● **Assignment**
Give a verbatim copy of the lines below, minus the pictures.
Provided data section start
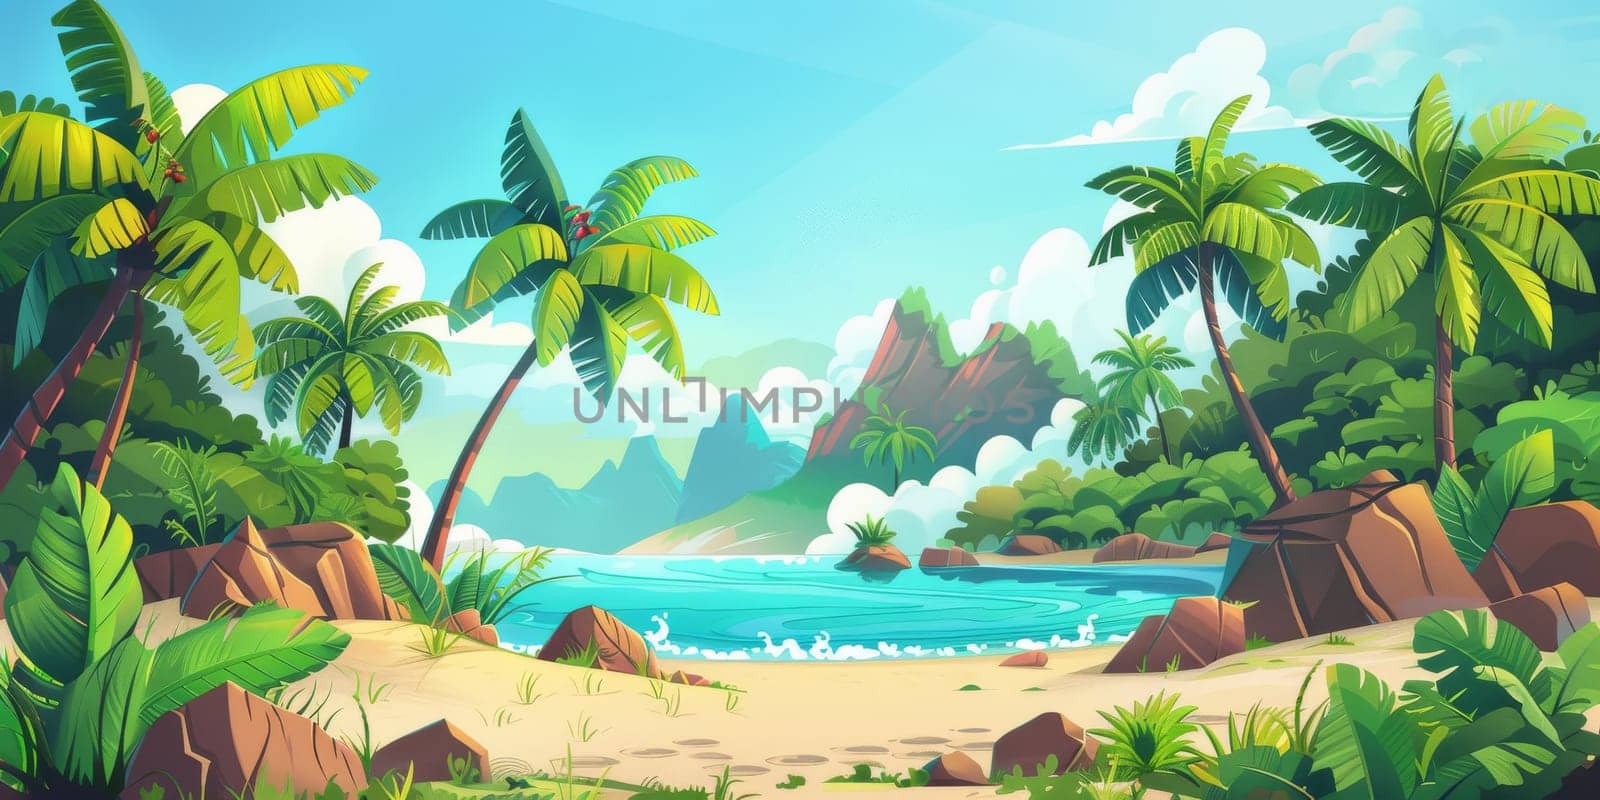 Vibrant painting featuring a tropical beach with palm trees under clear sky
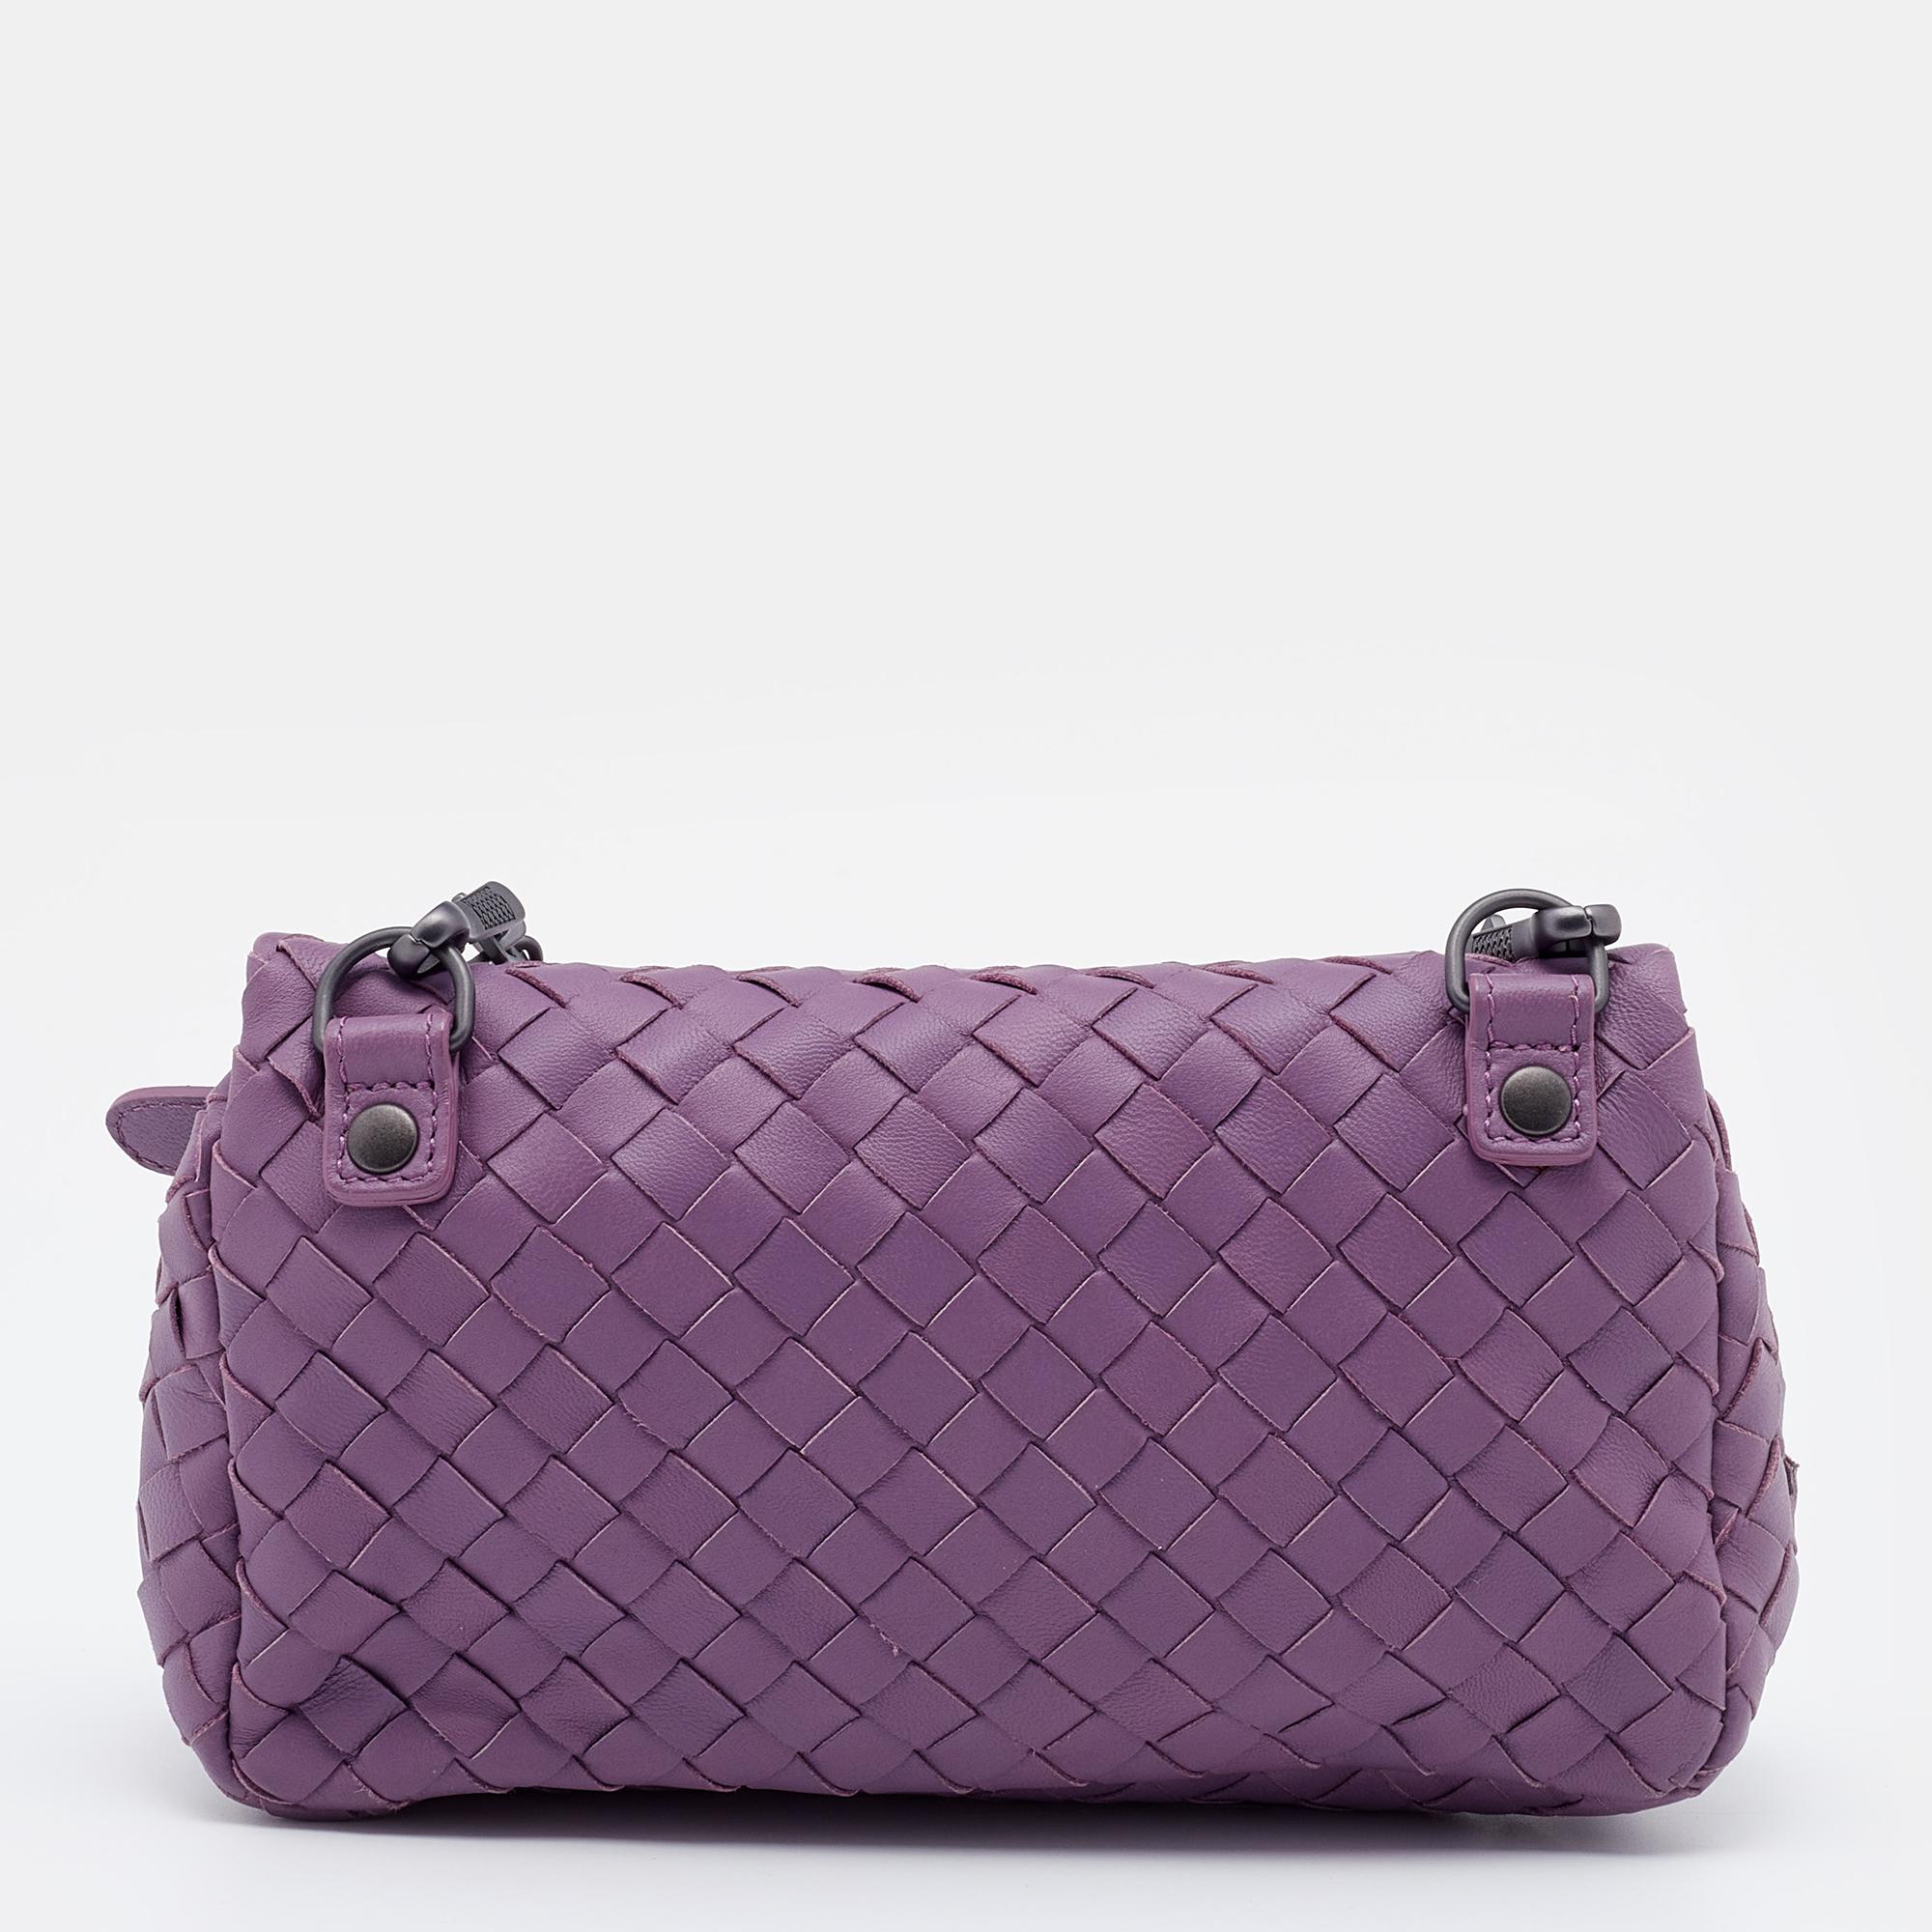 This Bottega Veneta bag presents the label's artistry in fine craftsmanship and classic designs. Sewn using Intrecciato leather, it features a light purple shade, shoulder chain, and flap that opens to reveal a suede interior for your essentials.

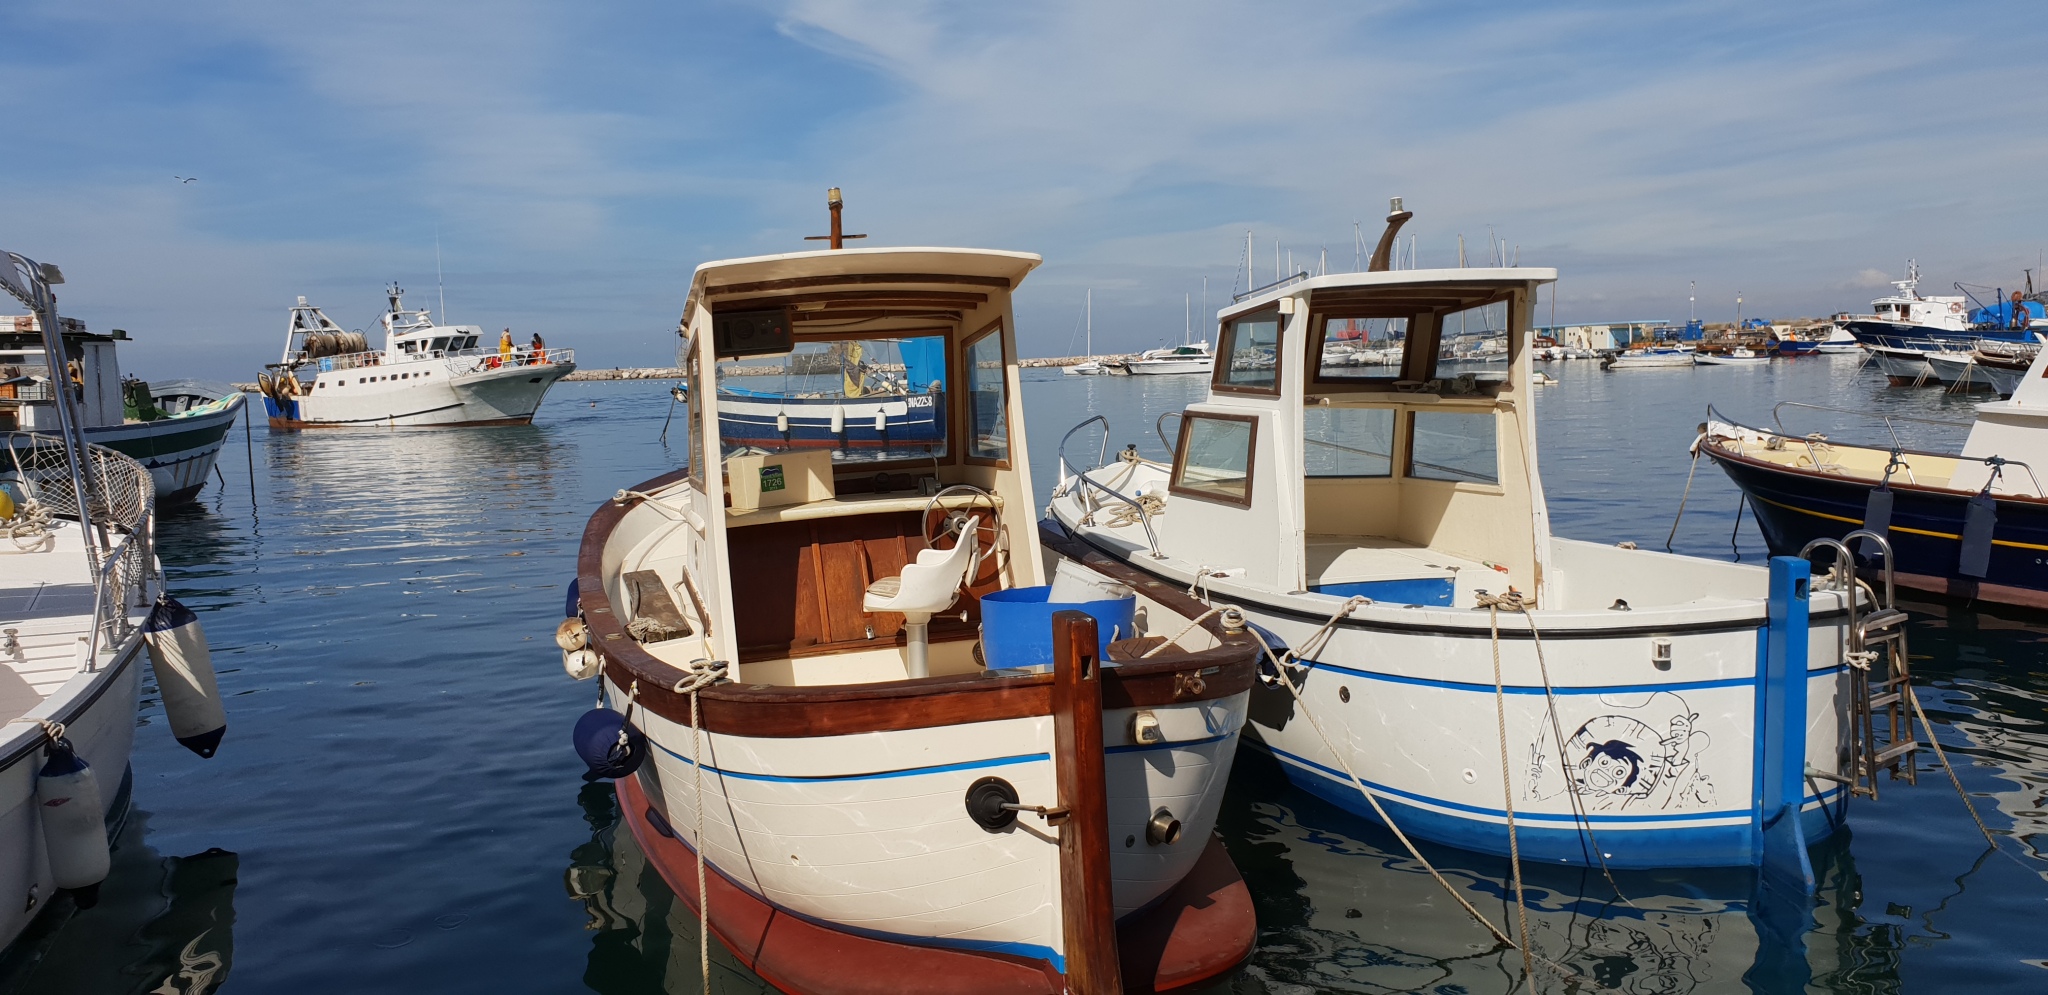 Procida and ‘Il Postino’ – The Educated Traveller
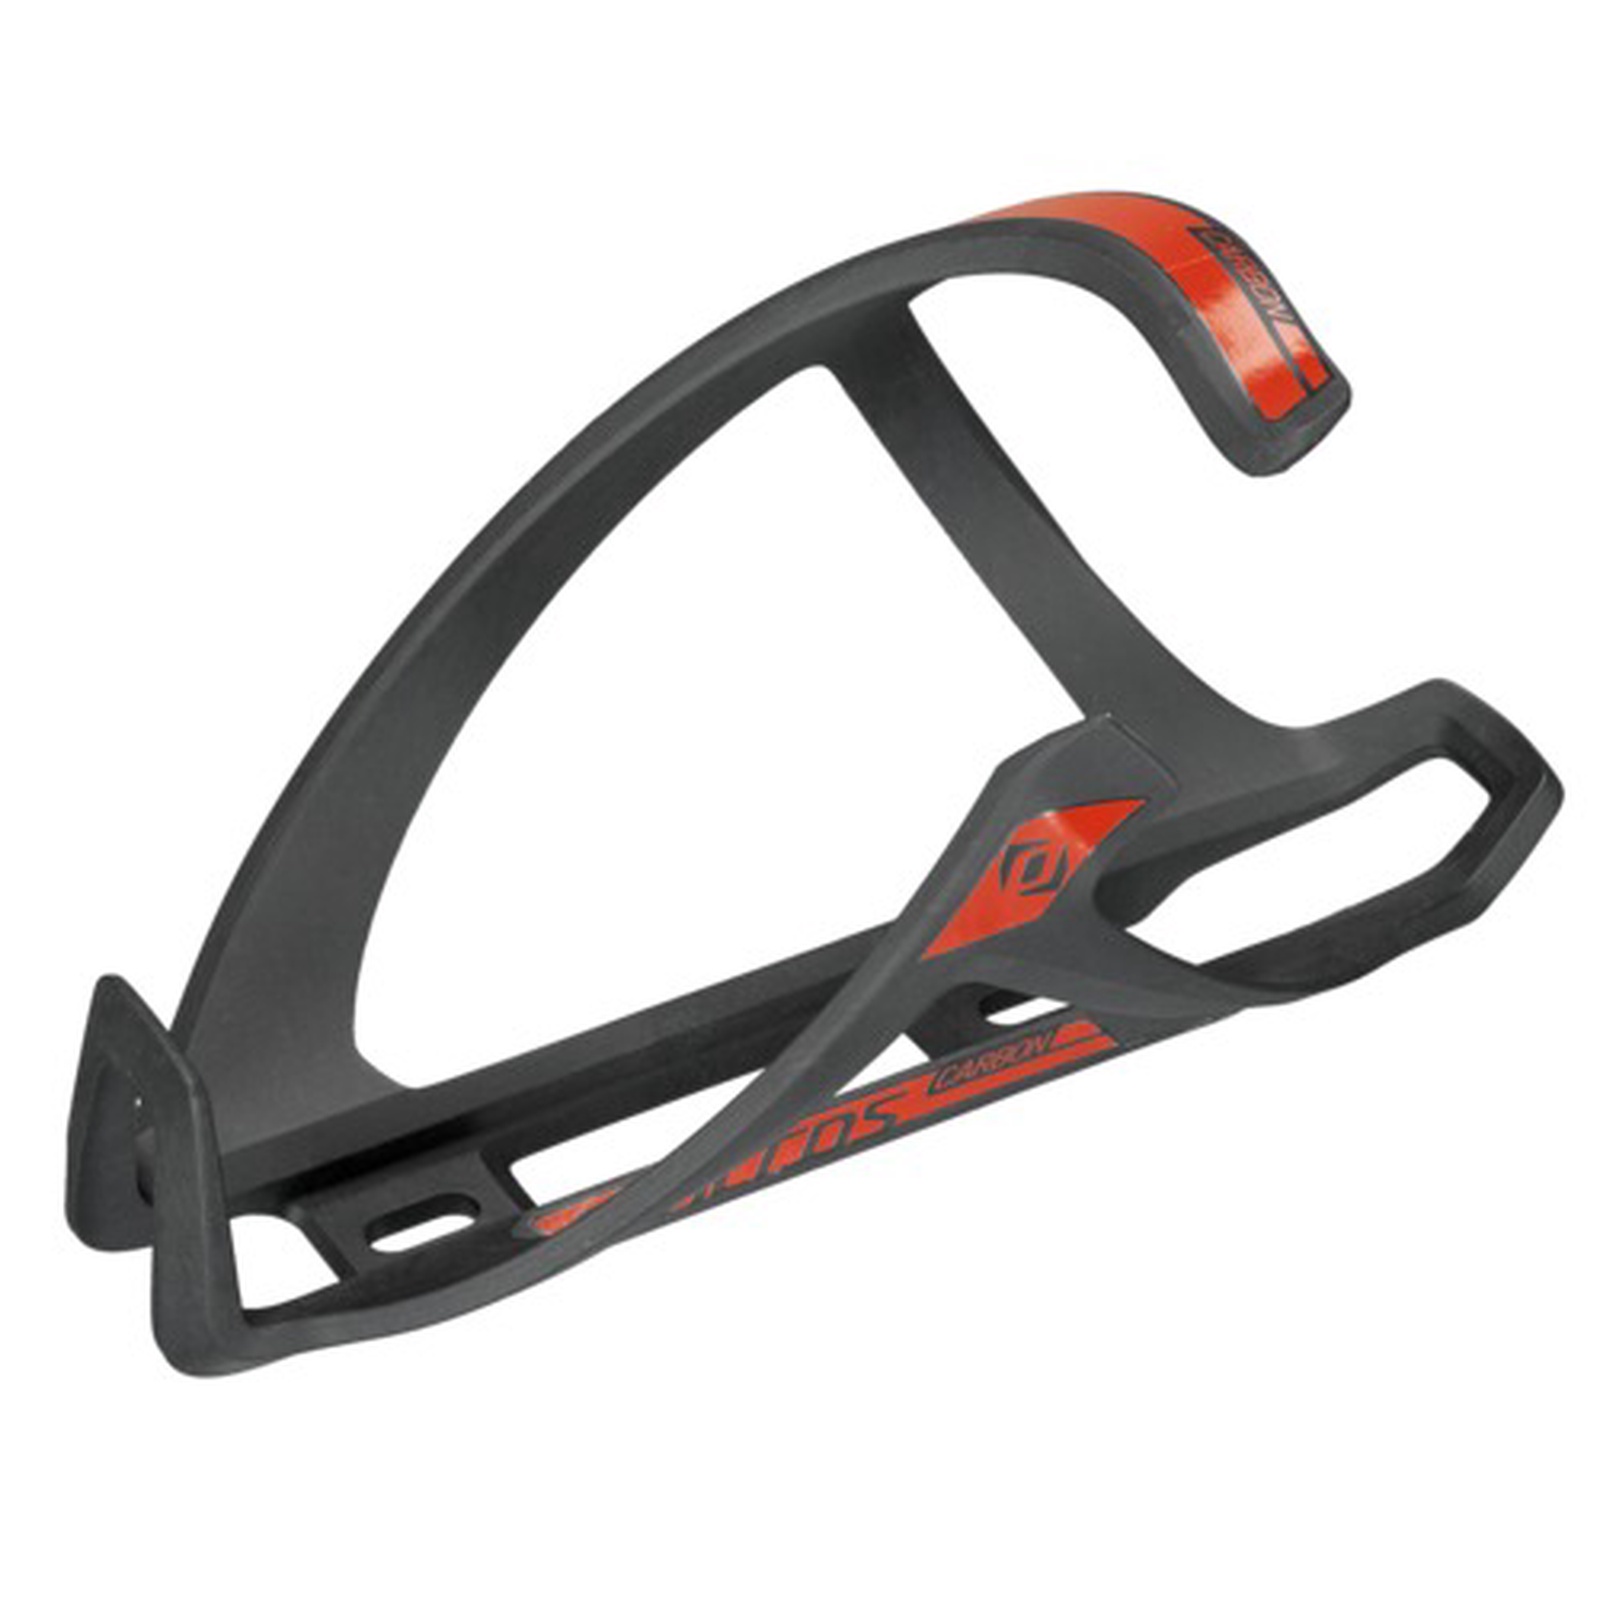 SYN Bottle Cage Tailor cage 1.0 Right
Provided data section end
● **Result below**
 Vibrant painting featuring a tropical beach with palm trees under clear sky
 This Bottega Veneta bag presents the label's artistry in fine craftsmanship and classic designs. Sewn using Intrecciato leather, it features a light purple shade, shoulder chain, and flap that opens to reveal a suede interior for your essentials.

 Procida and ‘Il Postino’ – The Educated Traveller
 SYN Bottle Cage Tailor cage 1.0 Right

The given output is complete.